MIDS (Minimum Information about a Digital Specimen): This is a specification that defines different levels of digitisation (MID-0 being the least complete level and MIDS-3 being the most complete), along with the minimum data requirements for each level. The specification allows for a more harmonised and specific understanding of what 'digitised' means. It is being developed into a standard by TDWG.

SYNTHESYS+: This project aims to create a high quality approach to the management, preservation and access to European natural history collections. It helps to lay the foundations for DiSSCo by creating an accessible, integrated European resource for research users in the natural sciences.

TDWG (Biodiversity Information Standards): TDWG develops data standards and guidelines for recording data about organisms, including the Darwin Core standard.

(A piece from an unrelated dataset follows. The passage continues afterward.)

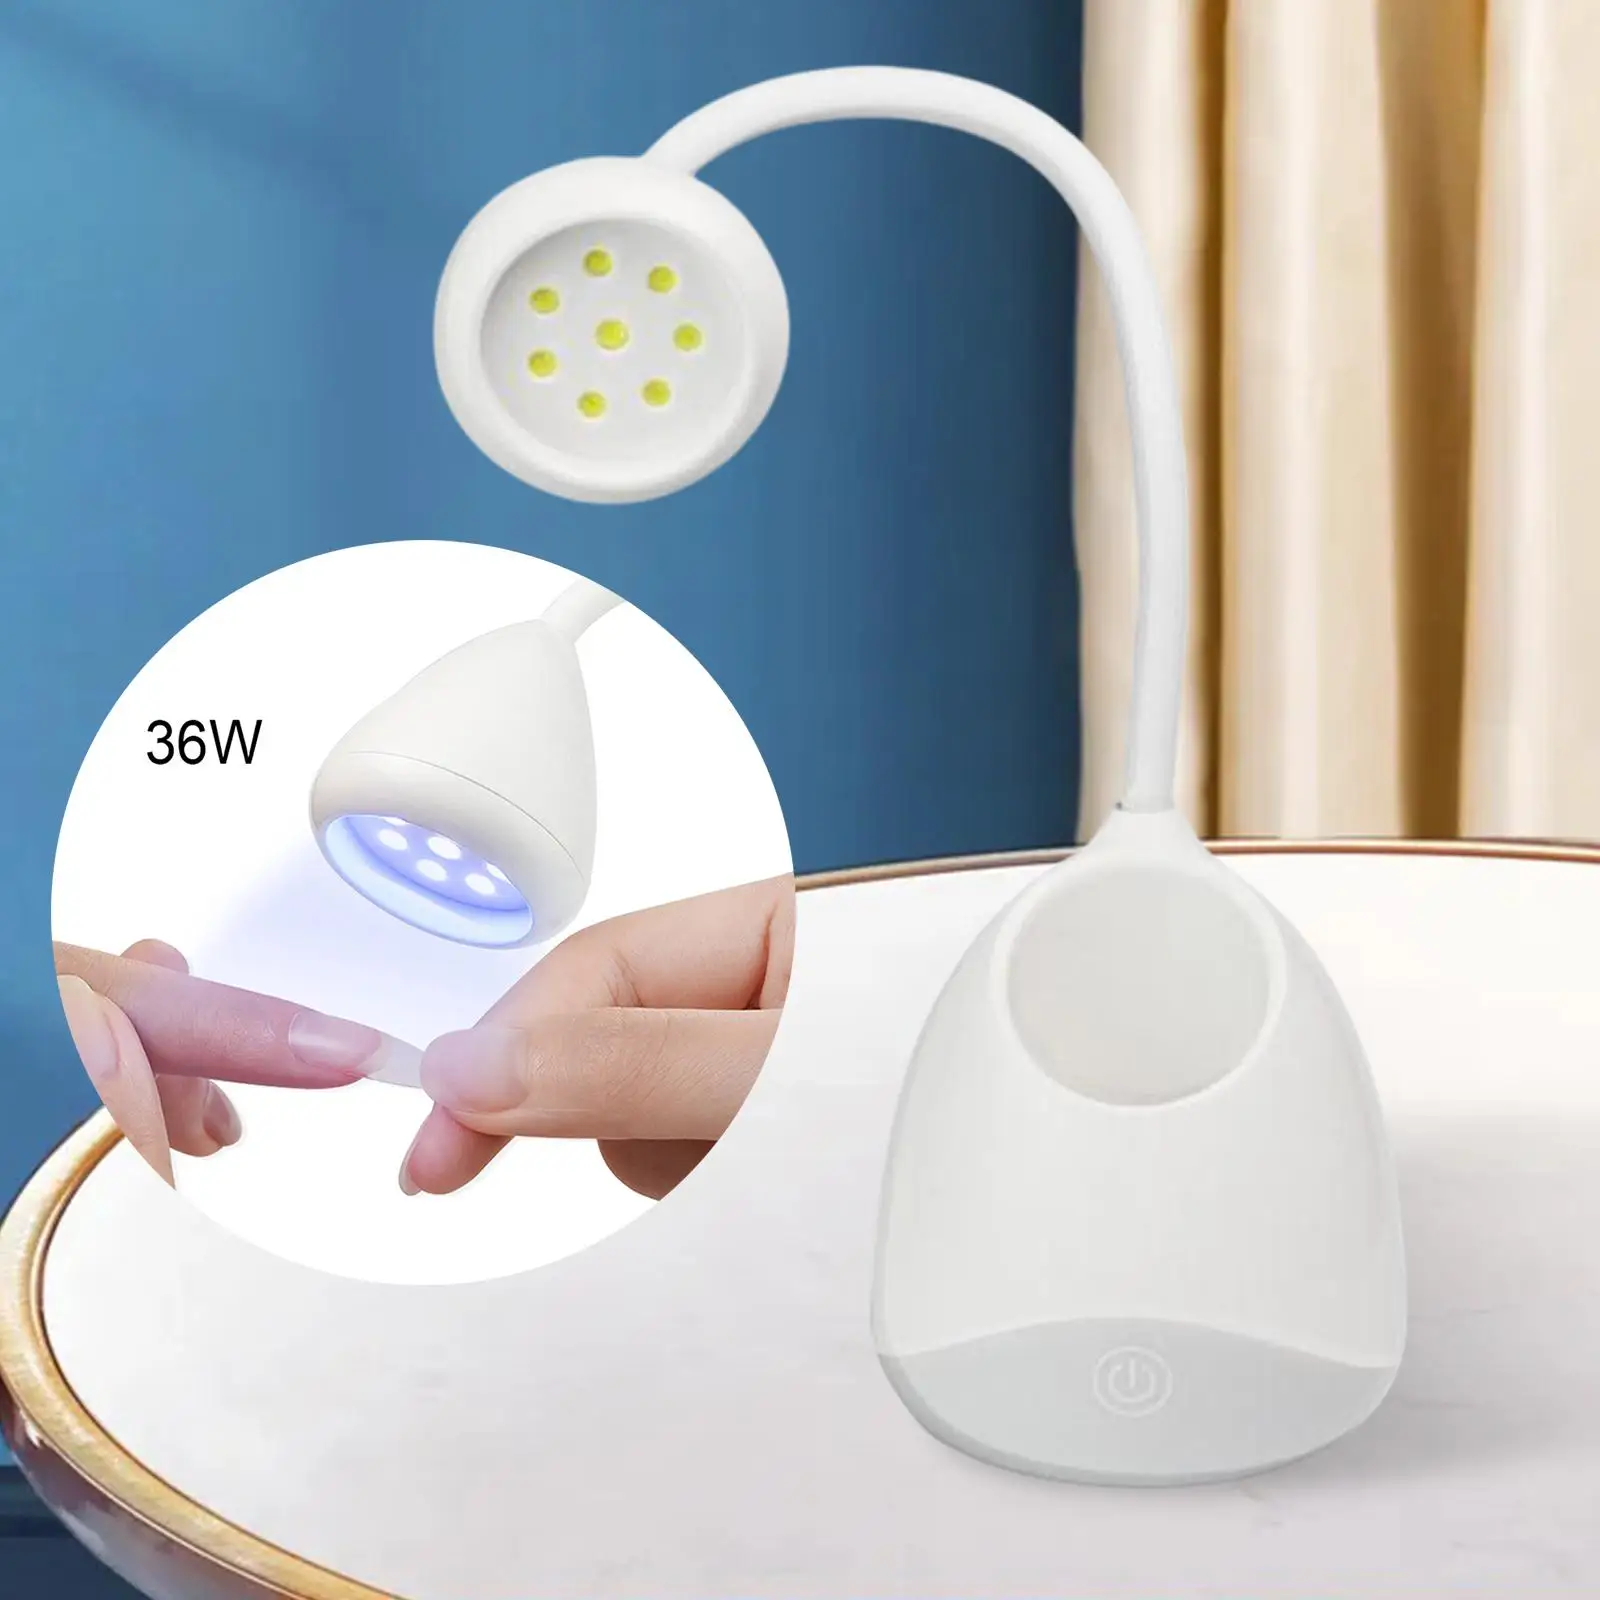 Portable LED Nail Lamp 36W Girl 60S Fast Dry Travel Storage Space - Battery, 9x20.2x9cm

TDWG Collections Description Data Standard: This standard is under development and describes groups of natural history objects.

Acknowledgements

A special thank you to all the staff at partner institutions (Naturalis, MNHN, HNHM, MNCN, MfN, RBINS, NHM, UCPH, MBG, NHMW, RMCA) who contributed and provided support in the NSCs data acquisition process for the CDD. Thank you to Karsten Gödderz for providing valuable administrative, organisational and communication support for the CETAF Secretariat, which facilitated efforts in completing D2.2. The CETAF Earth Science Group are gratefully acknowledged for providing expertise to support the Collection Classification Scheme regarding Palaeontology, Geology and Extraterrestrial materials. Thank you to Rachel Walcott (National Museum of Scotland) for providing recommendations for improvement of the Collection Classification Scheme regarding Mineralogy, Geology and Extraterrestrial material. Finally thank you to Alex Hardisty (Cardiff University) for providing support and advise on the usage of the MIDS in the data acquisition process of D2.2.

Author contributions

Laura Tilley: Conceptualisation, Investigation, Methodology, Project administration, Supervision, Writing - original draft, Writing - review & editing. Matt Woodburn: Conceptualisation, Data curation, Formal analysis, Investigation, Methodology, Software, Validation, Visualisation, Writing - original draft, Writing - review & editing. Sarah Vincent: Data curation, Formal analysis, Methodology, Software, Validation, Visualisation, Writing - original draft, Writing - review & editing. Ana Casino: Conceptualisation, Project administration, Supervision, Writing - original draft, Writing - review & editing. Wouter Addink: Conceptualisation, Investigation, Writing – review & editing. Frederik Berger: Investigation. Ann Bogaerts Investigation. Sofie De Smedt Investigation. Lisa French Writing – review & editing Sharif Islam: Conceptualisation, Investigation. Patricia Mergen: Conceptualisation, Investigation, Writing – review & editing. Anne Nivart: Investigation. Beata Papp: Conceptualisation, Investigation. Mareike Petersen: Investigation, Writing – review & editing. Celia Santos: Conceptualisation, Investigation. Vince Smith: Writing - review & editing. Patrick Semal: Conceptualisation, Investigation, Writing – review & editing. Edmund Schiller: Conceptualisation, Writing – review & editing. Karin Wiltschke: Conceptualisation, Writing – review & editing.